Le 8 janvier 2015, la Commission d’Accès aux Documents Administratifs (CADA) a rendu un avis au terme duquel elle considère que le code-source d’un logiciel développé par l’Etat constitue un document administratif communicable à tout intéressé et librement réutilisable.
La seule réserve évoquée par la CADA ? L’existence « de droits de propriété intellectuelle détenus par des tiers à l’administration ».
Pour autant, récupérer le code source d’un logiciel en vue de le réutiliser ne paraît pas si simple. Tant s’en faut !
Commençons par un point de terminologie. Lorsque l’on demande à la CADA un avis sur la communication d’une information, celle-ci est qualifiée de « document administratif » :
« Sont considérés comme documents administratifs, au sens des chapitres Ier, III et IV du présent titre, quels que soient leur date, leur lieu de conservation, leur forme et leur support, les documents produits ou reçus, dans le cadre de leur mission de service public, par l’Etat, les collectivités territoriales ainsi que par les autres personnes de droit public ou les personnes de droit privé chargées d’une telle mission.
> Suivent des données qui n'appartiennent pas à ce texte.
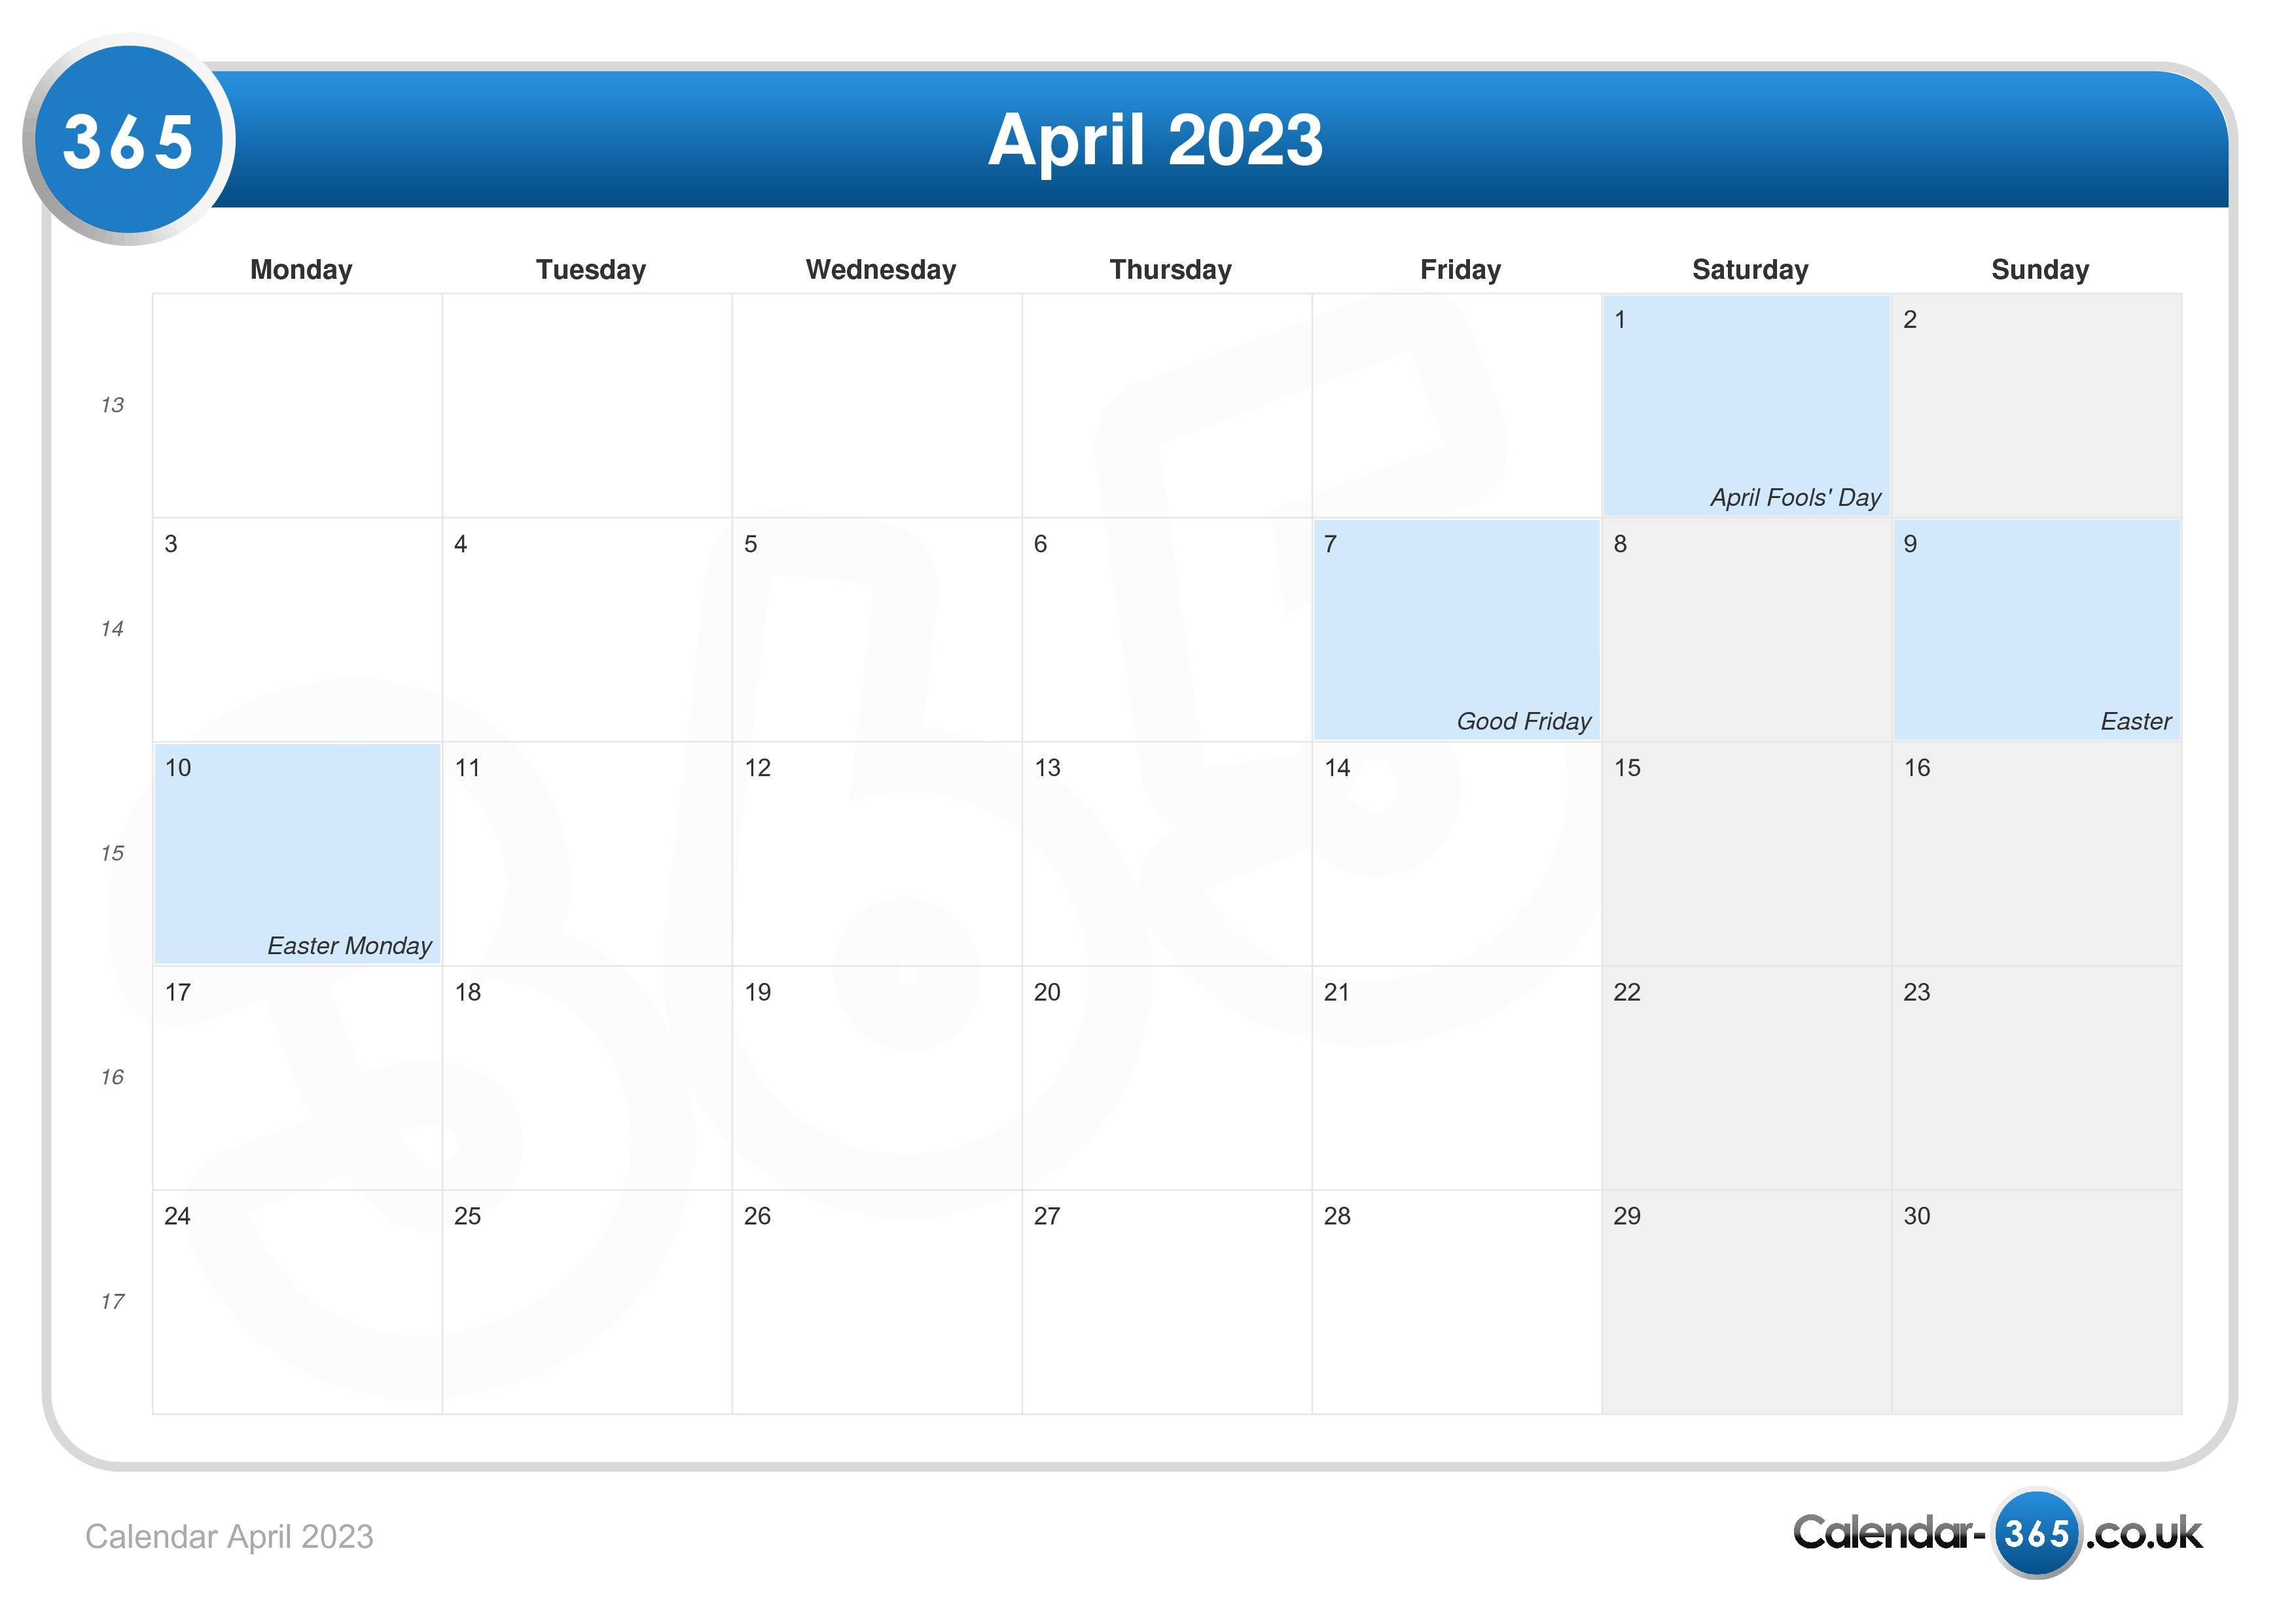 Calendar April 2023

Constituent de tels documents notamment les dossiers, rapports, études, comptes rendus, procès-verbaux, statistiques, directives, instructions, circulaires, notes et réponses ministérielles, correspondances, avis, prévisions et décisions. »
Si l’on souhaite pouvoir réutiliser cette information à une quelconque fin, elle devient une « information publique ».
Partant, pour pouvoir constituer une « information publique », il faut au préalable avoir été un document administratif :
« Les informations figurant dans des documents produits ou reçus par les administrations mentionnées à l’article 1er, quel que soit le support, peuvent être utilisées par toute personne qui le souhaite à d’autres fins que celles de la mission de service public pour les besoins de laquelle les documents ont été produits ou reçus. »
Vous me suivez toujours ? En clair, il faut comprendre que la réutilisation d’une information publique suppose au préalable que ladite information soit considérée comme un document administratif communicable. La réutilisation procède de la communicabilité.
Ok. Partant de là, existe-t-il un motif permettant de s’opposer à la réutilisation du code-source d’un logiciel? Oui ! Et ça tient en deux mots : la « propriété intellectuelle ».
L’article 10 de la loi écarte en effet la possibilité de réutilisation d’informations publiques « sur lesquels des tiers détiennent des droits de propriété intellectuelle ».
Or, les logiciels sont protégés à ce titre, conformément aux dispositions de l’article L112-2 du Code de la Propriété Intellectuelle.
Et l’auteur ne peut pas être l’Etat : la Cour de Cassation a été très claire sur le sujet : « Qu’en statuant ainsi, alors qu’une personne morale ne peut avoir la qualité d’auteur, la cour d’appel a violé le texte susvisé ».
L’agent public à l’origine du logiciel reste le seul auteur. Il conserve le droit moral sur l’œuvre :
« L’existence ou la conclusion d’un contrat de louage d’ouvrage ou de service par l’auteur d’une oeuvre de l’esprit n’emporte pas dérogation à la jouissance du droit reconnu par le premier alinéa, sous réserve des exceptions prévues par le présent code. Sous les mêmes réserves, il n’est pas non plus dérogé à la jouissance de ce même droit lorsque l’auteur de l’oeuvre de l’esprit est un agent de l’Etat, d’une collectivité territoriale, d’un établissement public à caractère administratif, d’une autorité administrative indépendante dotée de la personnalité morale ou de la Banque de France. »
« Sauf dispositions statutaires ou stipulations contraires, les droits patrimoniaux sur les logiciels et leur documentation créés par un ou plusieurs employés dans l’exercice de leurs fonctions ou d’après les instructions de leur employeur sont dévolus à l’employeur qui est seul habilité à les exercer.
(…)
Les dispositions du premier alinéa du présent article sont également applicables aux agents de l’Etat, des collectivités publiques et des établissements publics à caractère administratif. »
Partant de là, un logiciel est (presque, me diront les puristes) nécessairement grevé de droits de propriété intellectuelle et ces droits appartiennent nécessairement à un tiers.
Son code-source ne devrait donc pas s’analyser comme une information publique librement réutilisable.
Espérons-le pour l’Agence du Patrimoine Immatériel de l’Etat, en tout cas. Sinon, son champ d’intervention risque d’être sérieusement revu à la baisse.